Tag Archives: Warhammer Online

Mutter mutter internet grumble.

How to start this one?

Well, I can’t access the internet as I write this, which is probably what spurred me to write a new entry in the first place. Boredom is a terrible thing, after all.

I’ll spare you the rant about the router or ISP that you’re no doubt expecting and skip on forwards to the RL section of this one. Despite remaining unemployed, with money bullshit looming over me like a gorilla looking at a banana sandwich I have somehow come to the decision that I’m going to keep one of the kittens Sho’s cat spawned not long before he disappeared to Thailand for two weeks.
The kitten in question does not have a name yet, and he’s a little bastard; he is extremely territorial at the food bowl and is the only one of five that will dare to swat and hiss at other kittens in demonstration of this.

Whether the fact that he’s so mean is what finally convinced me to keep him for myself is debatable.
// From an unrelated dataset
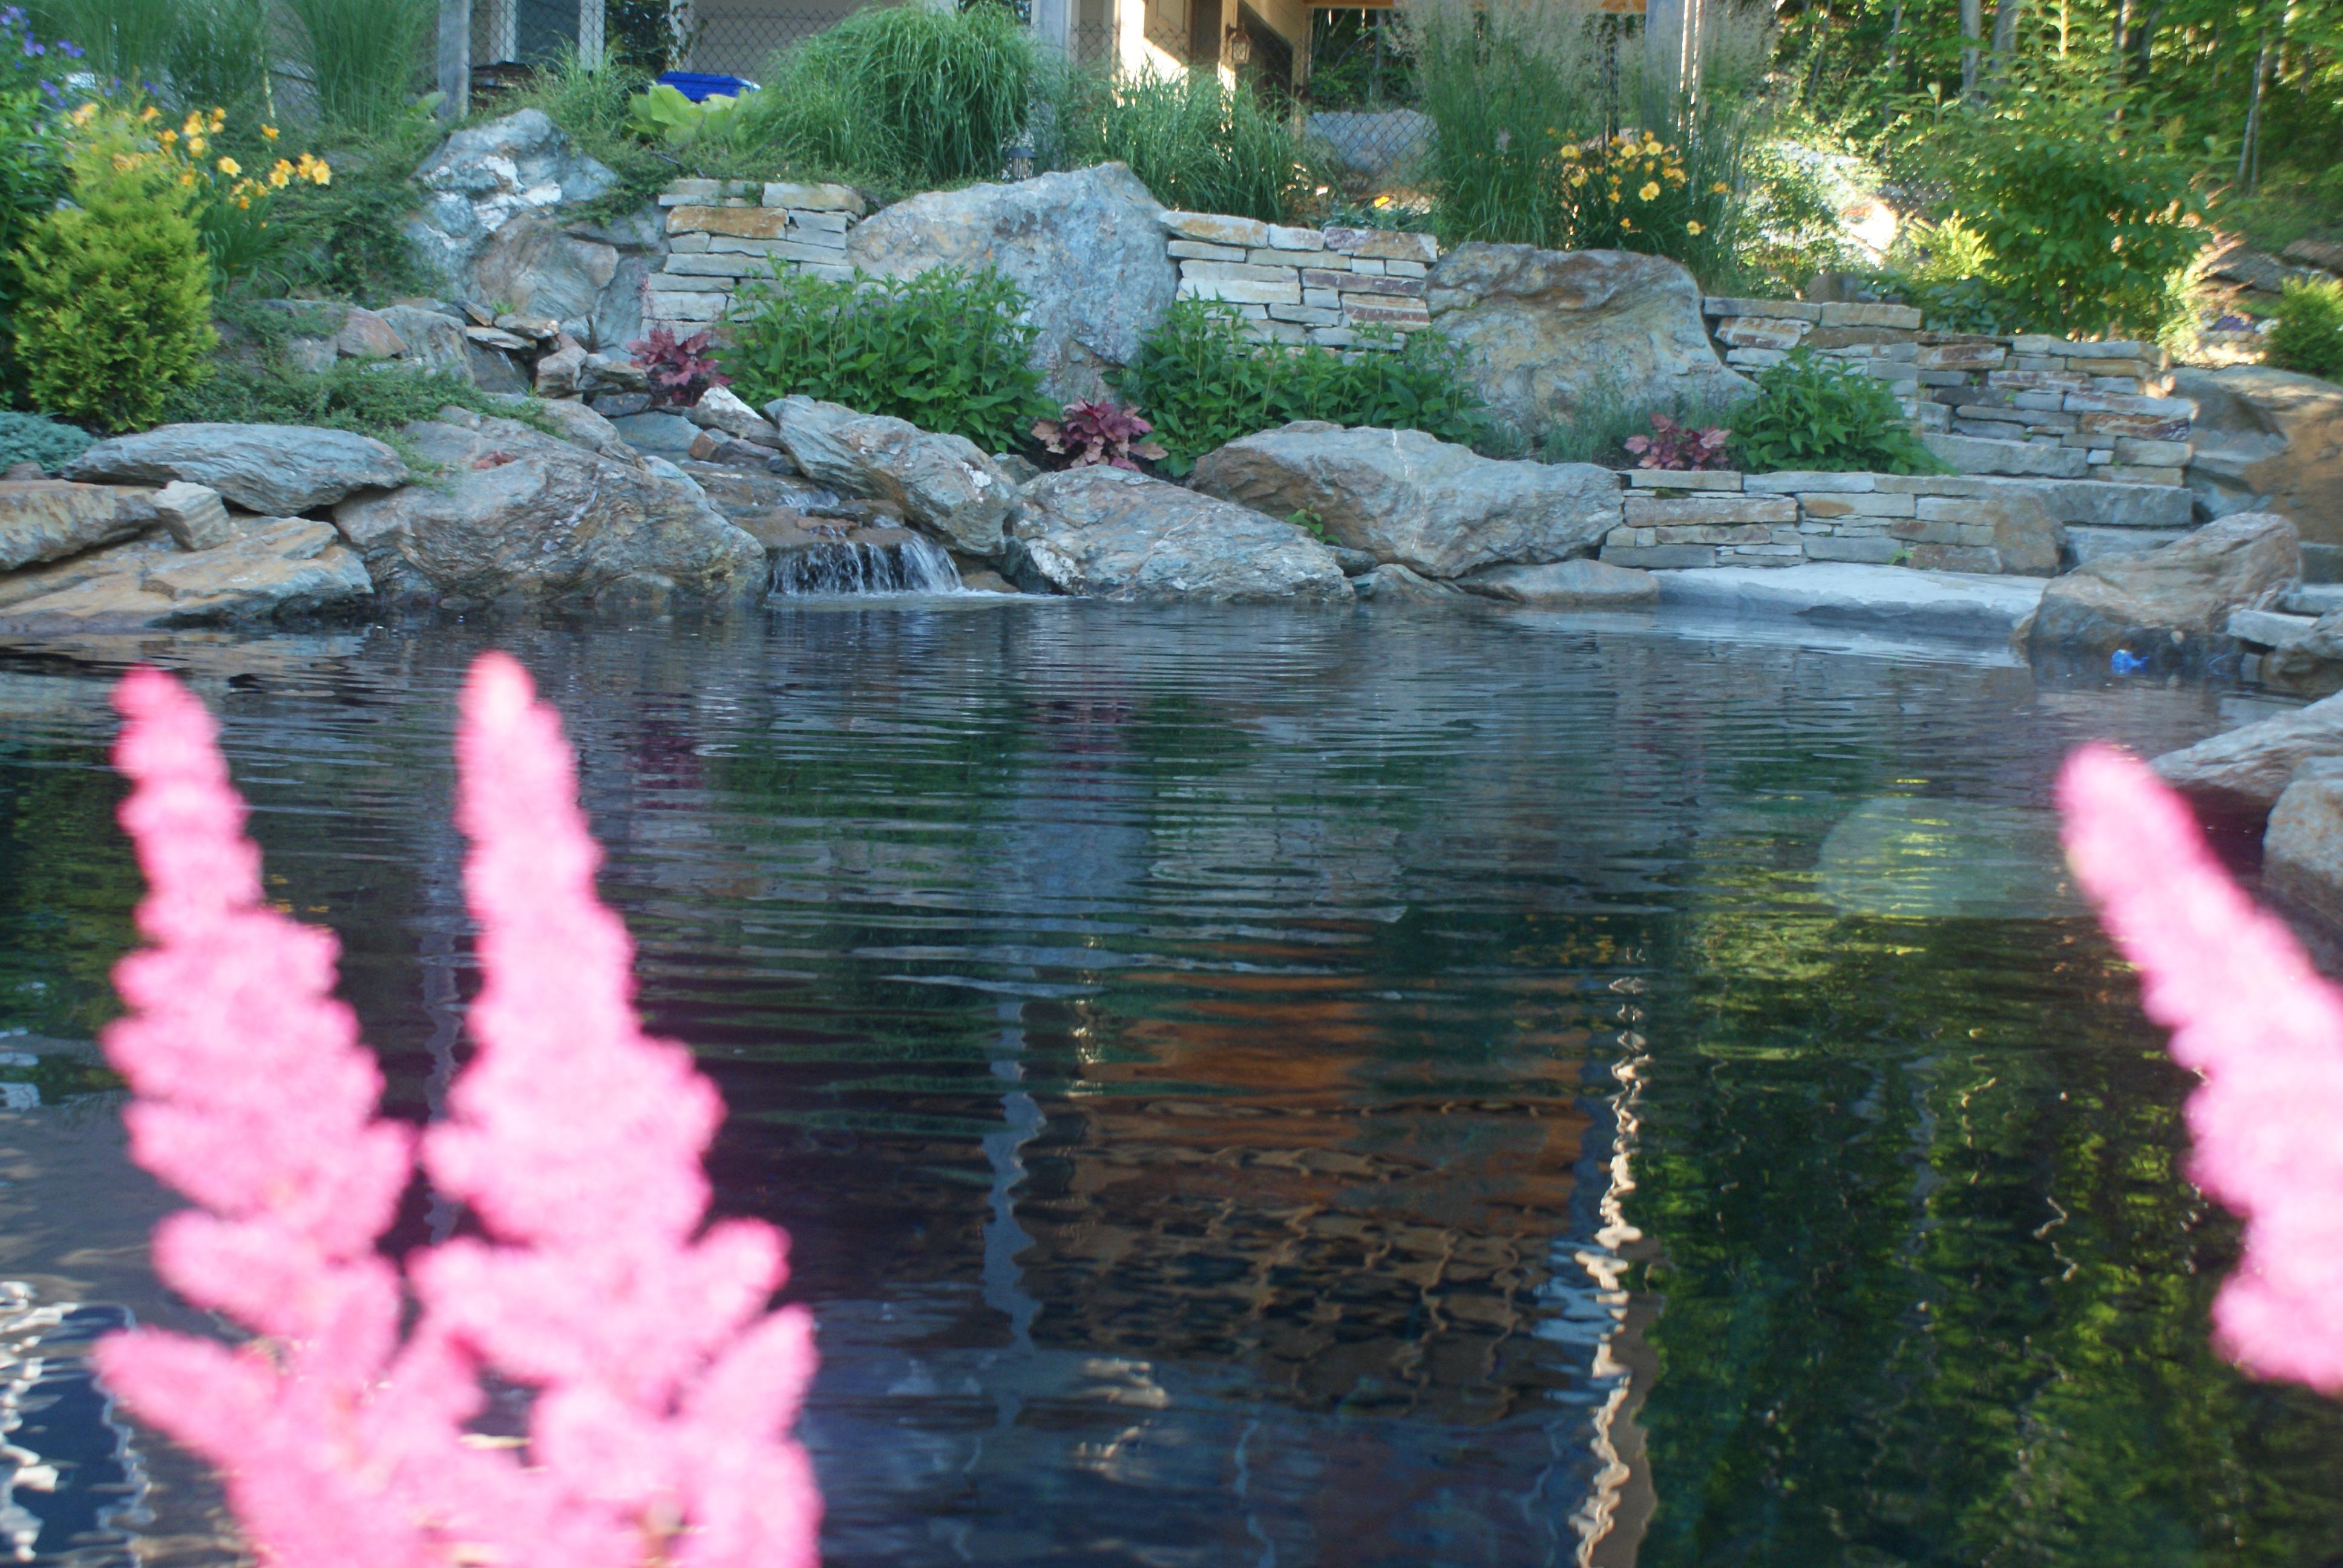 bassin naturel pour la baignade

Maybe I’m going daft, but there’s something I like about watching him try to chew my fingers and claw at me. Fuck it; I’ll find a job and figure it out.

Speaking of figuring it out, I need to figure out how to prevent myself from buying online games. I’m looking at you, Men of War.

Men of War is a very well designed game, the physics are wonderful to behold and there’s so much available to you that you’ll likely never stop figuring out new ways to screw with the enemy.
For example, the last time I was playing online (and got a thorough twatting at the hands of a bunch of Panther and King Tiger tanks) a rather nippy armoured car came speeding up to my KV-85 Tank.
The KV-85 is quite a nice tank but apparently it can’t move the turret fast enough to blast an armoured car orbiting it at close range, which becomes problematic when it shoots your fucking tracks out, then shoots a hole in your turret.

Quite annoyed by now, as this thing mockingly tries to plink the rear armour of my completely immobilized tank, I had a member of the tank crew climb out the top and total the little bastard with an anti-tank grenade.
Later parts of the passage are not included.